FIG. 1 is a side view schematically showing an anodic bonding jig and an anodic bonding apparatus according to an embodiment of the present invention. FIG. 2 is a plan view showing a partial configuration of the anodic bonding jig and the anodic bonding apparatus. FIG. 3 is a perspective view for explaining the operation of the anodic bonding jig and the anodic bonding apparatus. FIG. 4 is a plan view showing one process during use of the anodic bonding jig and the anodic bonding apparatus. FIG. 5 is a side view showing a part of a process in use of the anodic bonding jig and the anodic bonding apparatus. FIG. 6 is a diagram showing a process during use of the anodic bonding jig and the anodic bonding apparatus. FIG. 7 is a flowchart showing an anodic bonding method according to an embodiment of the present invention. FIG. 8 is a flowchart showing in detail some steps of the anodic bonding method. FIG. 9 is a side view showing a modification of the anodic bonding apparatus shown in FIG.

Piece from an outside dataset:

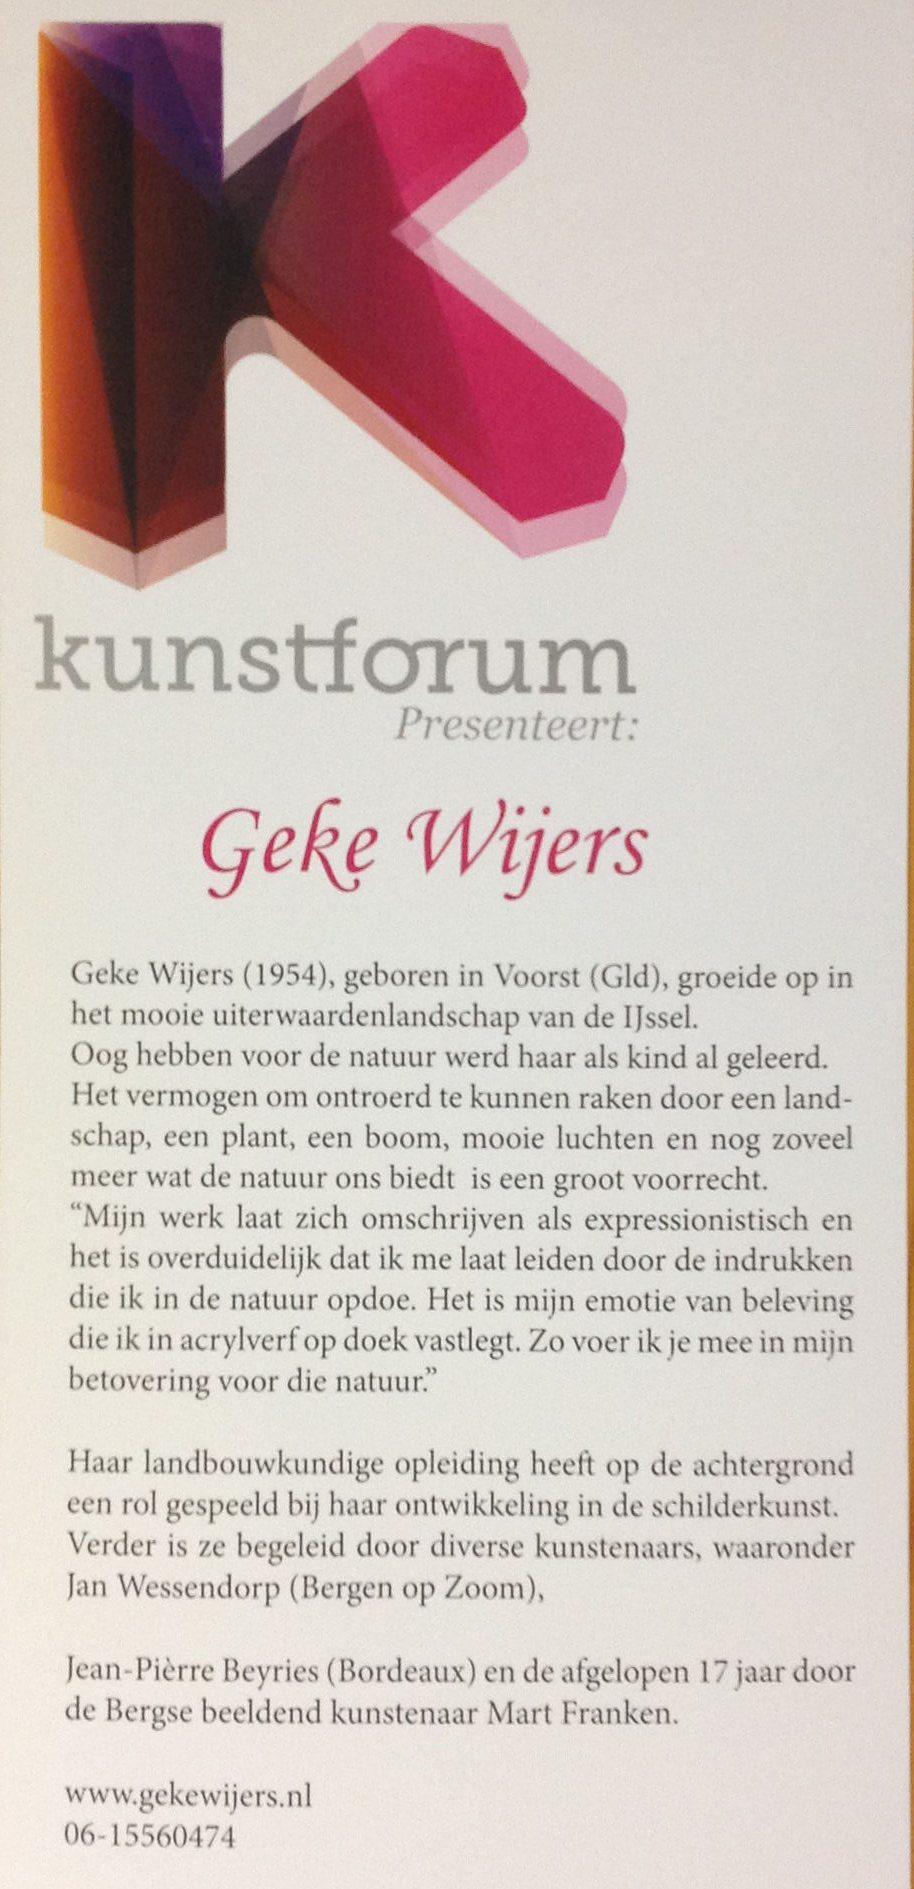 Kunstforum -  Bergen op Zoom

Hereinafter, an anodic bonding jig, an anodic bonding apparatus, and an anodic bonding method according to an embodiment of the present invention will be described with reference to FIGS.
FIG. 1 is a side view schematically showing the anodic bonding apparatus of this embodiment. As shown in FIG. 1, the anodic bonding apparatus 1 is an apparatus for anodic bonding a first substrate B1 and a second substrate B2. In the present embodiment, both the first substrate B1 and the second substrate B2 are glass substrates, and a bonding film B11 made of a metal material is interposed between the first substrate B1 and the second substrate B2. The bonding film B11 is a thin film made of, for example, aluminum, and is disposed at a position facing the second substrate B2 on the surface of the first substrate B1.
In the present embodiment, the anodic bonding apparatus 1 performs anodic bonding of the bonding film B11 to the second substrate B2. Here, the first substrate B1 is a cathode side substrate, and the second substrate B2 is an anode side substrate.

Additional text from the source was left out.